(TASK GOAL) Your job is to print, exactly, the lines in the data below from the line with "Солнце папины. Кружка" through the line with "120% Lino Linen Shirt - BEIGE", both included, and to omit any picture.

(PROVIDED DATA)
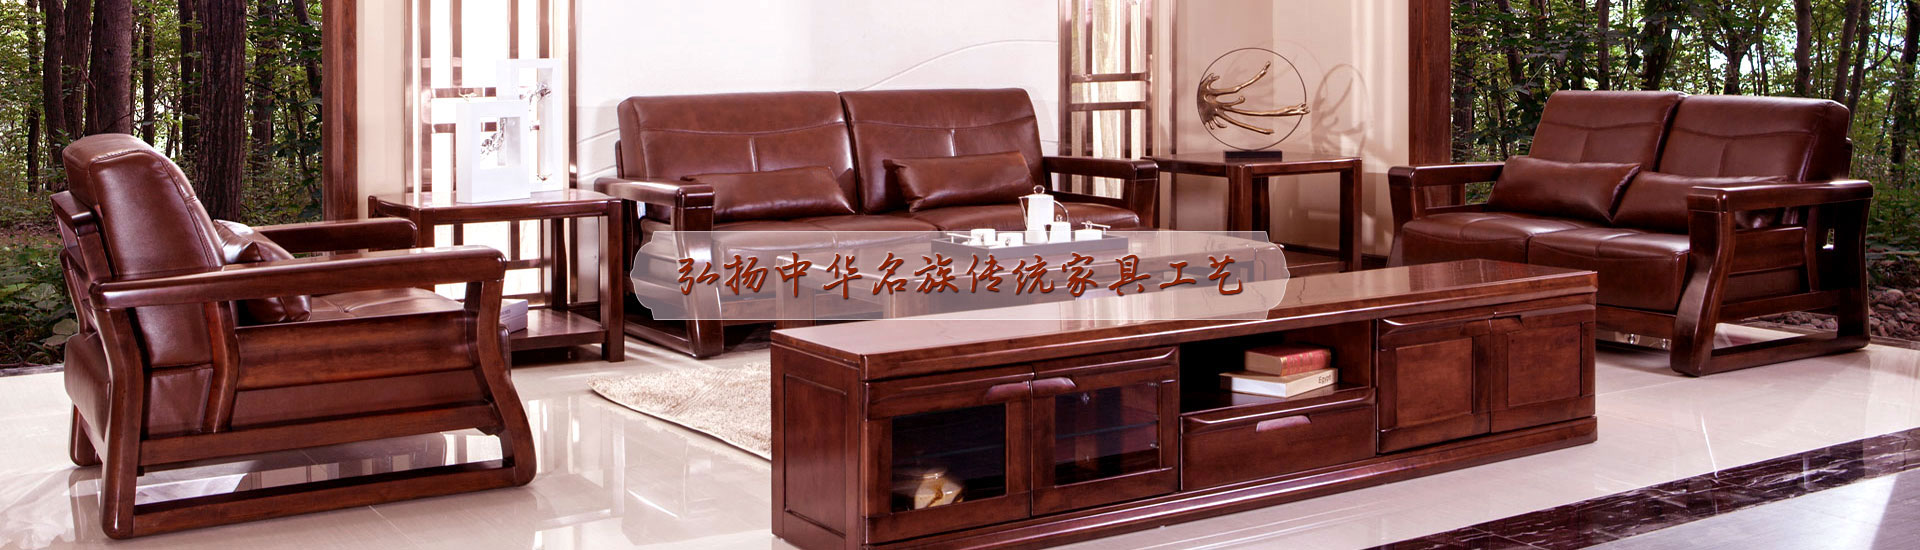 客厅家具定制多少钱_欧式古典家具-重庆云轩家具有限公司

---

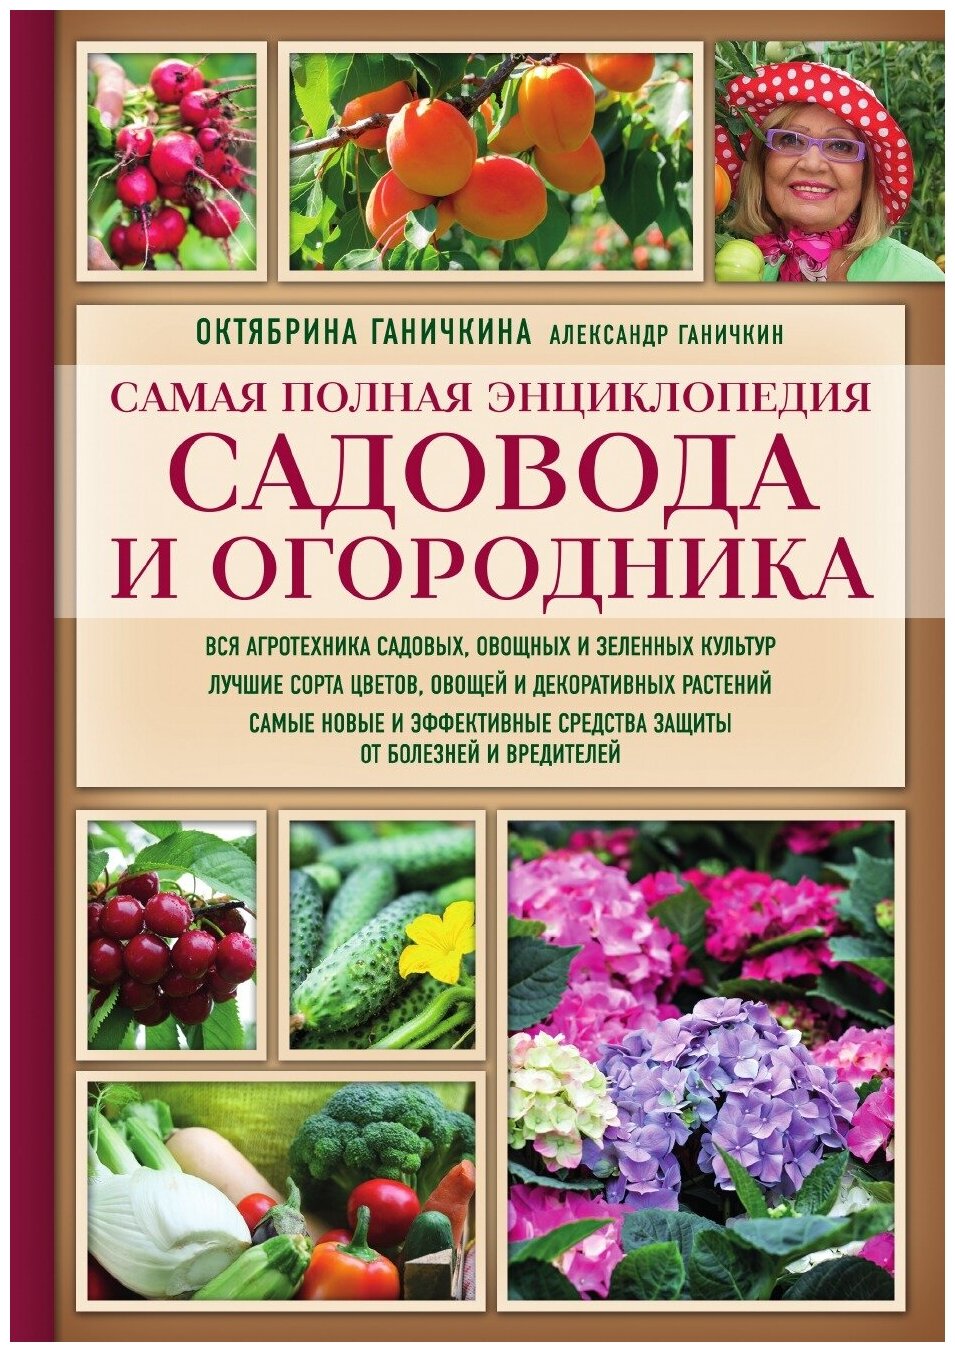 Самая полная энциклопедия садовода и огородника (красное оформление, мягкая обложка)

---

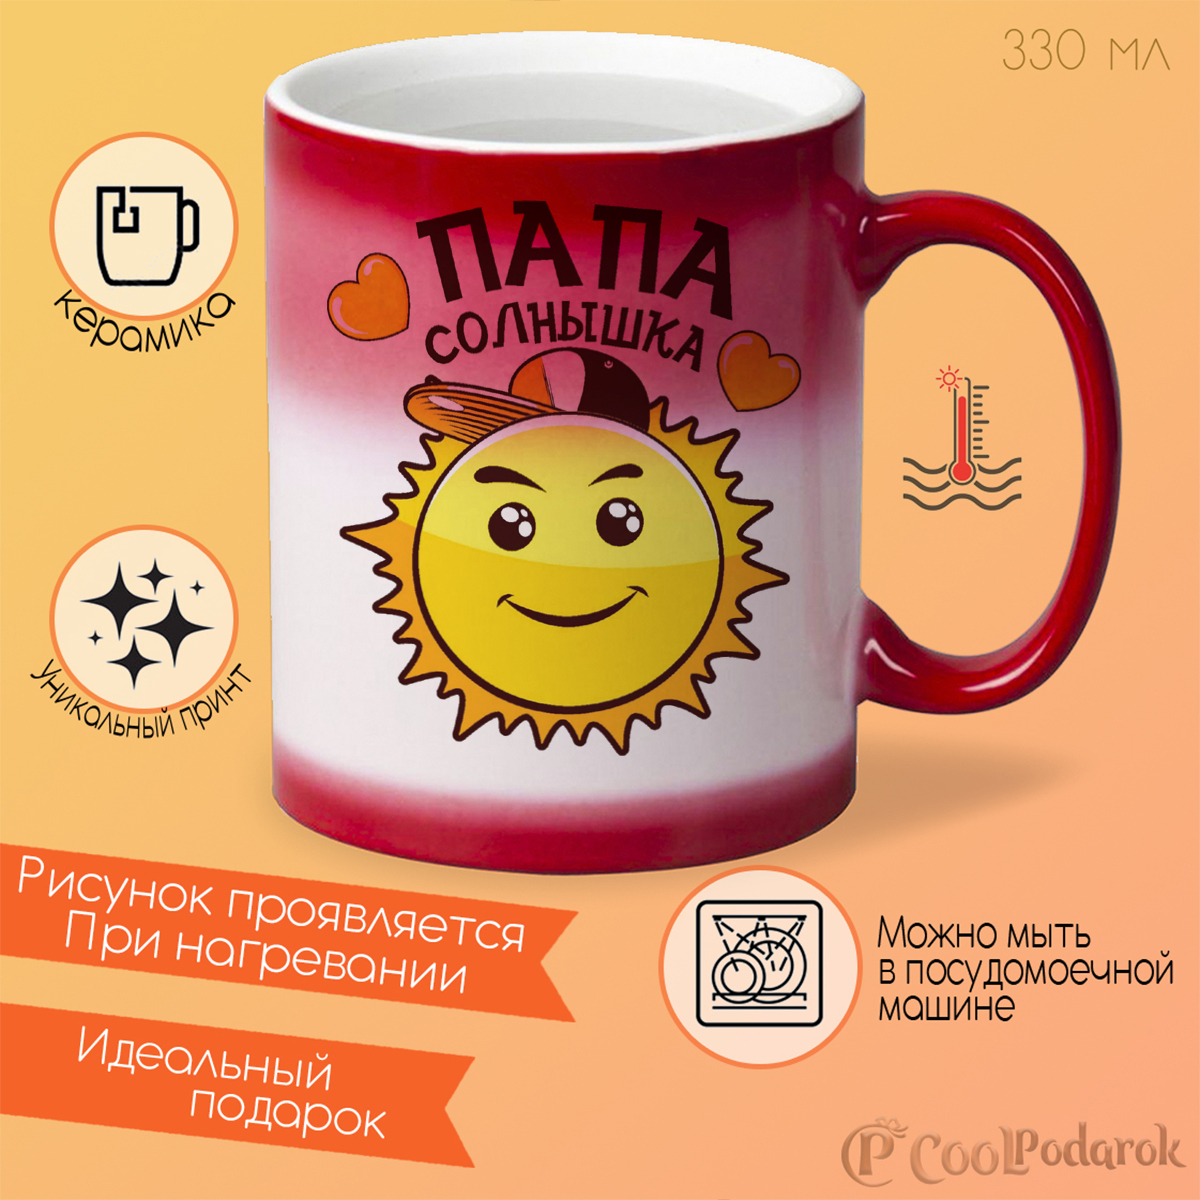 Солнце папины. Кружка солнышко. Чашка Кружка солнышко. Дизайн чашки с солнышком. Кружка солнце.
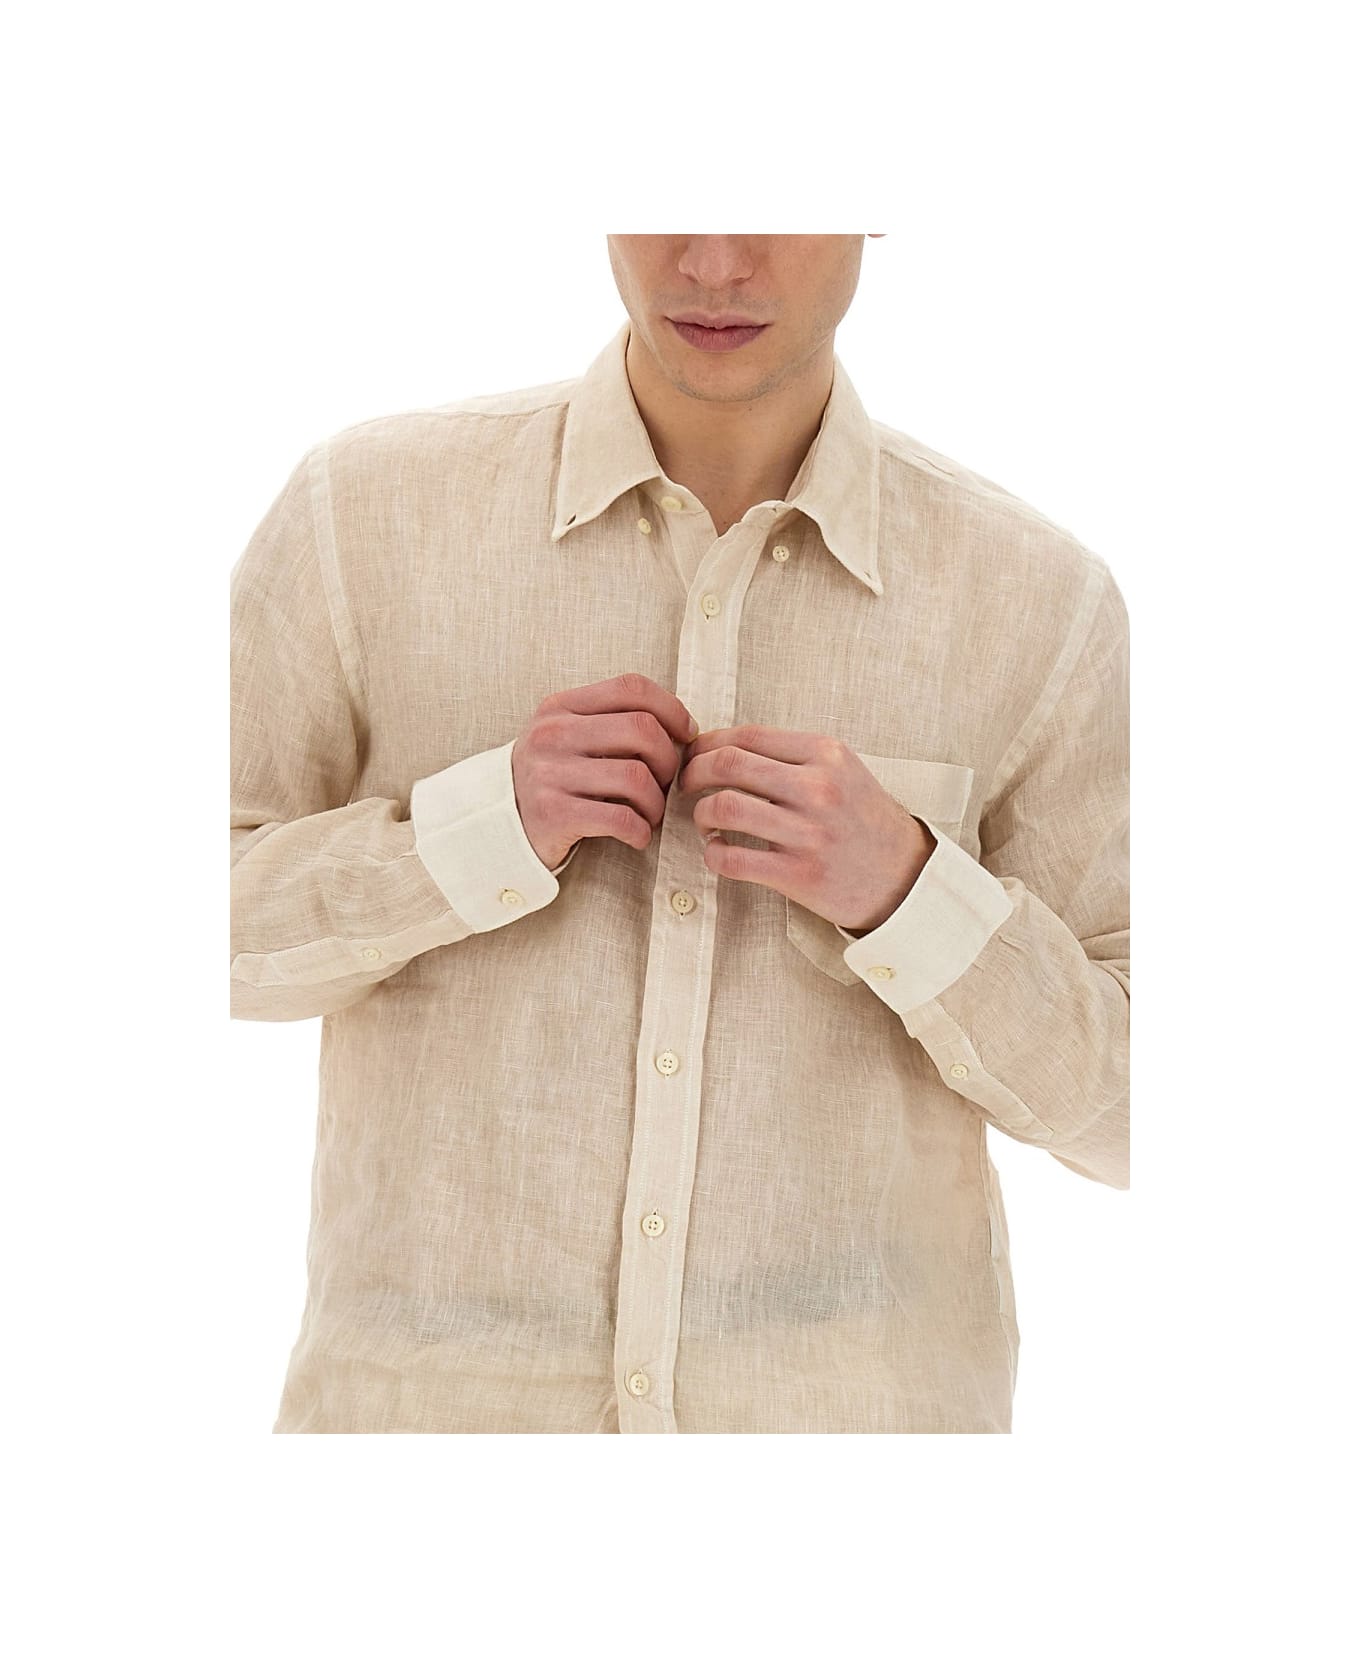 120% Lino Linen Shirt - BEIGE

(EXERCISE SOLUTION)
 Солнце папины. Кружка солнышко. Чашка Кружка солнышко. Дизайн чашки с солнышком. Кружка солнце.
 120% Lino Linen Shirt - BEIGE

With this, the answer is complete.